Each of these people has a rate that they will charge for work, and the total cost that they will provide for work (the total amount should be maximum). See data here:

Data

I looked at genalg and DeOptim R packages, where you can use binary functions to select people who maximize the total value for a given price, but I cannot determine how to set a limit on what type of employee is selected. The solution can be all electrician, and although they all provide great value, they cannot complete the job. So basically I'm looking for a way to manage the population, and none of these packages seem to allow this.

Any ideas on how I can solve this problem? I am sure that many of you have considered options for this problem and received excellent information. Thank you very much for your help.

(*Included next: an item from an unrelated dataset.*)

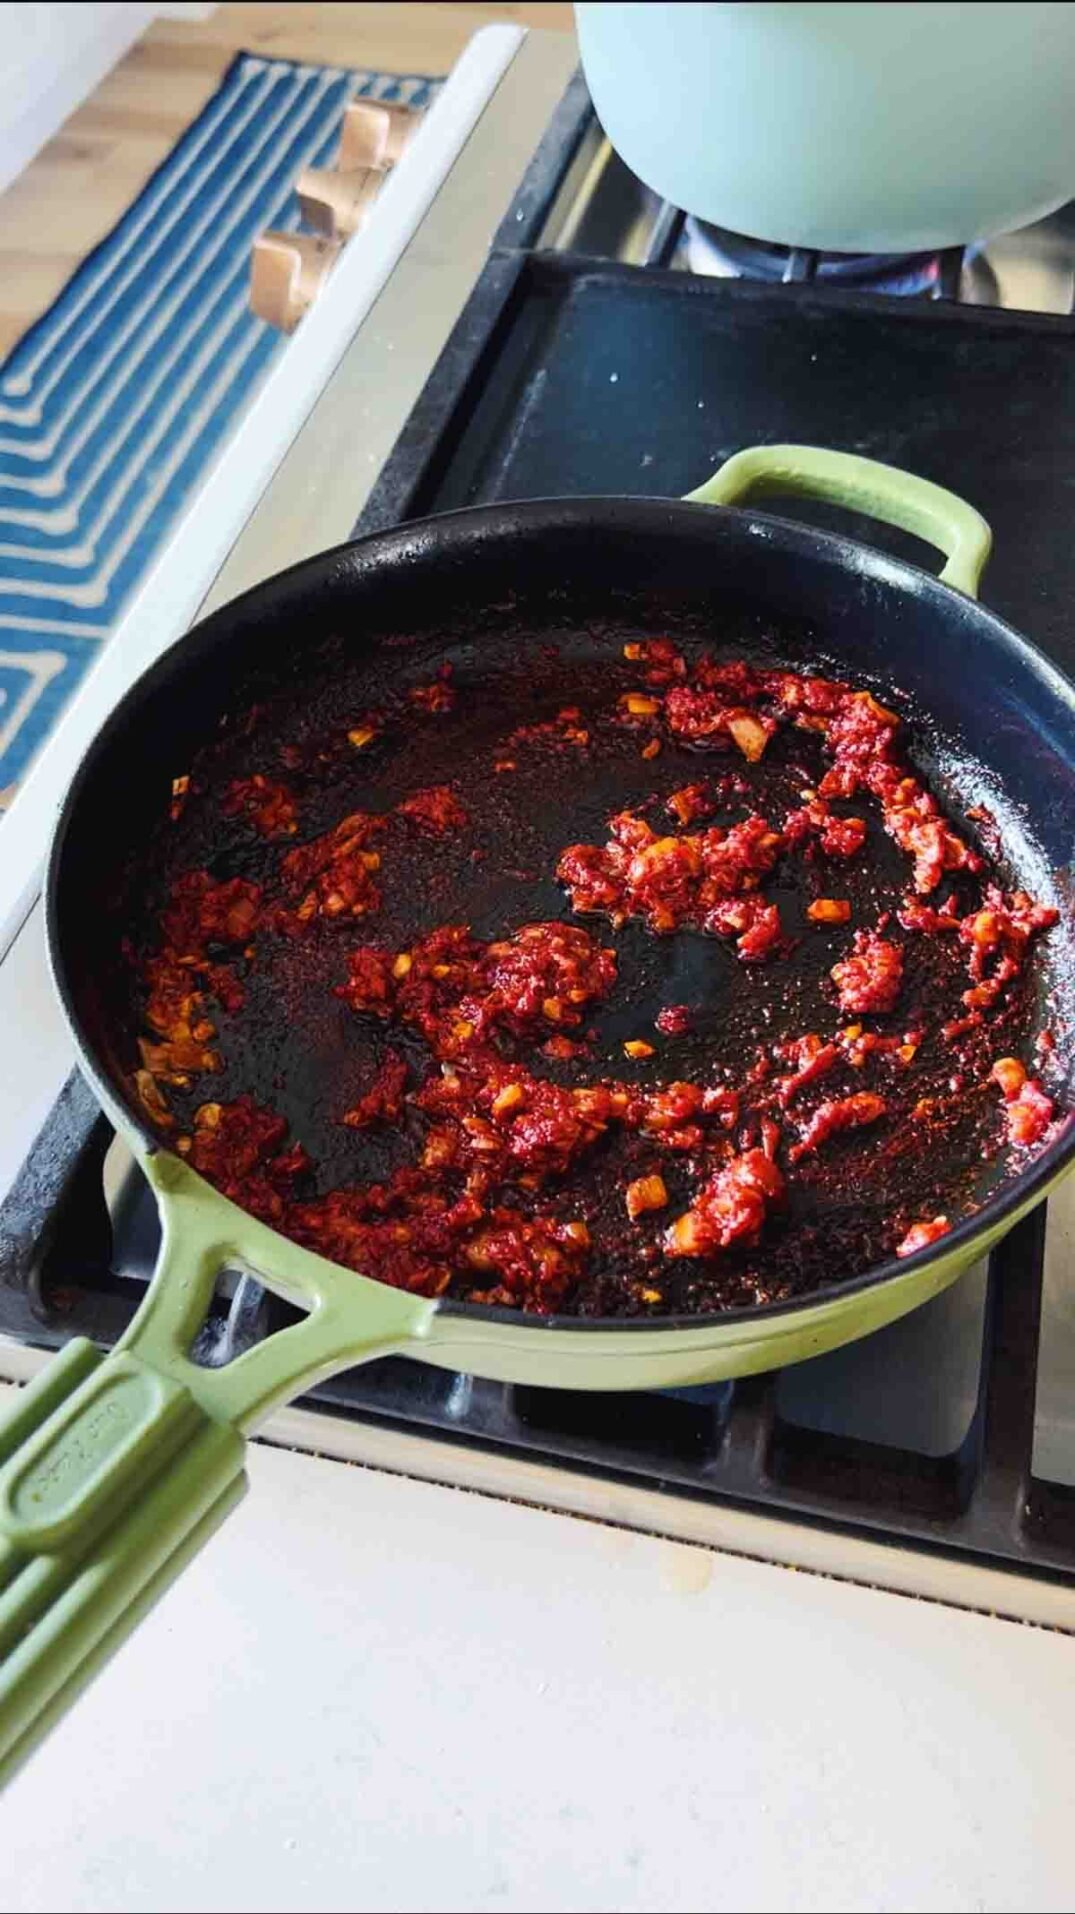 tomato paste in a green cast iron skillet on the stovetop.

Here is the code I got from the forums here:

library(genalg)

iter = 10
population = 500

# import csv file
brank = read.csv("GA_Data.csv")


dataset <- data.frame(item = brank$Person.ID, survivalpoints = brank$Value, weight = brank$Labor.Cost)


weightlimit <- 100000


monitor <- function(obj) {
  minEval = min(obj$evaluations);
  plot(obj$mean, obj$best, type="p", main = obj$iter); 
}

evalFunc <- function(x) {
  current_solution_survivalpoints <- x %*% dataset$survivalpoints
  current_solution_weight <- x %*% dataset$weight

  if (current_solution_weight > weightlimit) 
    return(0) else return(-current_solution_survivalpoints)
}


GAmodel <- rbga.bin(size = length(brank$Person.ID), popSize = population, iters = iter, mutationChance = 0.01, 
                    monitorFunc = monitor, elitism = T, zeroToOneRatio = 200, evalFunc = evalFunc)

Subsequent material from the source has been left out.